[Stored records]
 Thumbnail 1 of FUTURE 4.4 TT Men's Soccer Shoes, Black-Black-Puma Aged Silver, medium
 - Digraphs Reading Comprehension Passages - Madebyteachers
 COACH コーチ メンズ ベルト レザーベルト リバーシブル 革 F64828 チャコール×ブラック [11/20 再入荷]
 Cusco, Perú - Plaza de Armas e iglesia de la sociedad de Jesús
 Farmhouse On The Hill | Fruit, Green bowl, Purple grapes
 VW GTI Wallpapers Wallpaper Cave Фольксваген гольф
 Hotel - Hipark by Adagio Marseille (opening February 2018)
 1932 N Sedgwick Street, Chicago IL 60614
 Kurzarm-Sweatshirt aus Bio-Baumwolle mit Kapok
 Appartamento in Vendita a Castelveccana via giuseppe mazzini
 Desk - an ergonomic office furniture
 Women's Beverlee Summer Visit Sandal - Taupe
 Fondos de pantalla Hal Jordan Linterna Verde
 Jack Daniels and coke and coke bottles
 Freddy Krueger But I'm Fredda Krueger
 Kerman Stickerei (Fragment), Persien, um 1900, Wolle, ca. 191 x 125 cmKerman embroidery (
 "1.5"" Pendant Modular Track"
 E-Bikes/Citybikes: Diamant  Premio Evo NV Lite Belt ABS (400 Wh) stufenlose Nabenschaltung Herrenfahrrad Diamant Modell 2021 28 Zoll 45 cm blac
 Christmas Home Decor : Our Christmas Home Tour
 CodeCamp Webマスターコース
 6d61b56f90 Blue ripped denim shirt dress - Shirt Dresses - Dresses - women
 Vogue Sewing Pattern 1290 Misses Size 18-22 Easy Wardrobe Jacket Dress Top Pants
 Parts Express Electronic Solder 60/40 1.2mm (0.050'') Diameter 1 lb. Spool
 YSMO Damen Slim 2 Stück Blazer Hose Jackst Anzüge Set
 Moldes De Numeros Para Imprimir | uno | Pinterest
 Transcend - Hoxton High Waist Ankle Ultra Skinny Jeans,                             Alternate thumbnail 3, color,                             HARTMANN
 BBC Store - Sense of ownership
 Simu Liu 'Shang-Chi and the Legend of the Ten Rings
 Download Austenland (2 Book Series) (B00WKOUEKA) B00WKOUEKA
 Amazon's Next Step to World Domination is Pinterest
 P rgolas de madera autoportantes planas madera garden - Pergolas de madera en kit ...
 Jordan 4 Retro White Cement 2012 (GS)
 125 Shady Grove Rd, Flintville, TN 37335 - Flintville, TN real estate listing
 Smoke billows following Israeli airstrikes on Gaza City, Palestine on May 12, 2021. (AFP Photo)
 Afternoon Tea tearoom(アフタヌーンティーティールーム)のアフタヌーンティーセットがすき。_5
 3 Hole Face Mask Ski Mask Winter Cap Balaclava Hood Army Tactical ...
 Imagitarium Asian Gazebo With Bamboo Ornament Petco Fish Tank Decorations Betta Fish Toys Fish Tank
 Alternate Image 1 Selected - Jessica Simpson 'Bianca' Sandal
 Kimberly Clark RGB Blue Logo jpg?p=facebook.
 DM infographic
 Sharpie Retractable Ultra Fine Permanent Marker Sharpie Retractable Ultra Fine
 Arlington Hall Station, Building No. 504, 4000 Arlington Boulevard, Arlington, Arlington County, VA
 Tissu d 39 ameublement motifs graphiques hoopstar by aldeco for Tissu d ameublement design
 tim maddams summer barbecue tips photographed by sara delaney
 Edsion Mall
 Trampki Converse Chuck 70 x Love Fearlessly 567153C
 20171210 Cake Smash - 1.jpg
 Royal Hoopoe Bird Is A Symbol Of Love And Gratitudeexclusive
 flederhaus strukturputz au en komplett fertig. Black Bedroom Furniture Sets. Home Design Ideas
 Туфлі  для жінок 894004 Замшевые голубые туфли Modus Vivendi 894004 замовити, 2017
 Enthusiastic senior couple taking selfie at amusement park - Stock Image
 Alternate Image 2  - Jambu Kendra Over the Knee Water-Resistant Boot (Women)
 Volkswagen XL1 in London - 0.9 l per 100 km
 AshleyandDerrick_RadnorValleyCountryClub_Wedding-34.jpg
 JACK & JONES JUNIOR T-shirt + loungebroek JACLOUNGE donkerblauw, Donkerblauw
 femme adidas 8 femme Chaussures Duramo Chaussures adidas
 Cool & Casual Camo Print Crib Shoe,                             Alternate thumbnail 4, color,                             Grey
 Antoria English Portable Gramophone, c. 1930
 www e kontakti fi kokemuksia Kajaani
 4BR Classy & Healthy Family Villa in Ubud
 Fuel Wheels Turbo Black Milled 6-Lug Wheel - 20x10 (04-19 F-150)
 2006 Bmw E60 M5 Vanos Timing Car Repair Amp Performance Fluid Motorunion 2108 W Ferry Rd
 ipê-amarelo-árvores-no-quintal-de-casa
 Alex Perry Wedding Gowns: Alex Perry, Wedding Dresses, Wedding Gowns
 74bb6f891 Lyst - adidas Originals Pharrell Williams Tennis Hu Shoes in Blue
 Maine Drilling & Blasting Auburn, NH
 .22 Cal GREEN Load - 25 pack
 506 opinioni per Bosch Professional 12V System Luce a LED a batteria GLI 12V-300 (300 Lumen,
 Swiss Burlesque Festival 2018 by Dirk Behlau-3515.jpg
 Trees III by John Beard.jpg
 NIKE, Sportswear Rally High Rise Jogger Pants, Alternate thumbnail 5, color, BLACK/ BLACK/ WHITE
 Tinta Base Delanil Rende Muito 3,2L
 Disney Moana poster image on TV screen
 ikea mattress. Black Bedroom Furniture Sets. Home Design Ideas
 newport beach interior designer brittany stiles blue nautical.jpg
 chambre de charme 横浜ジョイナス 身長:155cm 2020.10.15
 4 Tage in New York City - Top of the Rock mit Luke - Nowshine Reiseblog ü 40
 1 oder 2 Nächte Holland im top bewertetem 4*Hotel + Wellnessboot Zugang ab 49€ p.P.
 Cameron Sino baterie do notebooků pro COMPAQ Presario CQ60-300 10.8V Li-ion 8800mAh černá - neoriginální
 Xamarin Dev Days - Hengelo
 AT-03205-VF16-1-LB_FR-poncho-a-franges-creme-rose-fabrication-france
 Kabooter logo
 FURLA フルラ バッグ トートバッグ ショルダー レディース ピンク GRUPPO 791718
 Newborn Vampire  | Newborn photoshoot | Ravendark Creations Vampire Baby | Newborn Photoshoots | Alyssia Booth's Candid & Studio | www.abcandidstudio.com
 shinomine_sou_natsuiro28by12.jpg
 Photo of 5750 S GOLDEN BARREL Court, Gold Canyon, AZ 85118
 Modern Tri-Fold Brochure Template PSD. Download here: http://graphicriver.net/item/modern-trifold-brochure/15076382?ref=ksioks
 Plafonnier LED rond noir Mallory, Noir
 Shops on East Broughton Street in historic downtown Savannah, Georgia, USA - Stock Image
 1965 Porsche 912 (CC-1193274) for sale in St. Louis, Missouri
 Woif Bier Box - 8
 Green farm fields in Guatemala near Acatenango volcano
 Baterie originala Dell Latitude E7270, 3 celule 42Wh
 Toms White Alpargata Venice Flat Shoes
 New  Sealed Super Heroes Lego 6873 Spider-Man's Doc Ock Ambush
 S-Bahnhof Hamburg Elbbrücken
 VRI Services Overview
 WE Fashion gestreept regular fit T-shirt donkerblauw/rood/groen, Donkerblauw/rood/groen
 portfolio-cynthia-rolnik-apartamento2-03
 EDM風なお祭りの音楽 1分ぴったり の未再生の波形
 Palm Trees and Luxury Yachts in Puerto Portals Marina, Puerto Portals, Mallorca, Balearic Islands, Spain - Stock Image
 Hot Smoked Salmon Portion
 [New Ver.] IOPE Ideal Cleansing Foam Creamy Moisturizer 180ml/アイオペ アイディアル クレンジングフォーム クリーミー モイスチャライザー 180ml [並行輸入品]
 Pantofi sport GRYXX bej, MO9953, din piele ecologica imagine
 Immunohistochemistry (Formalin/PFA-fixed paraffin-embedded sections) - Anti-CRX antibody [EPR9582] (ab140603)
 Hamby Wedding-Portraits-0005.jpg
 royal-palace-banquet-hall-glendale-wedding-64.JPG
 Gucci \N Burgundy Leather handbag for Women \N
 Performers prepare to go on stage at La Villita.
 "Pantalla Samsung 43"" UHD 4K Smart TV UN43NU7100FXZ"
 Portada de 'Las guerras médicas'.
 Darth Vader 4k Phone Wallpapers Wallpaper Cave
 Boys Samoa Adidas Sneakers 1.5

▸ INSTRUCTIONS FOR THE TASK:
Within the entries above, find every line where the string "Trees" occurs, and copy it.

▸ REPLY:
 Trees III by John Beard.jpg
 Palm Trees and Luxury Yachts in Puerto Portals Marina, Puerto Portals, Mallorca, Balearic Islands, Spain - Stock Image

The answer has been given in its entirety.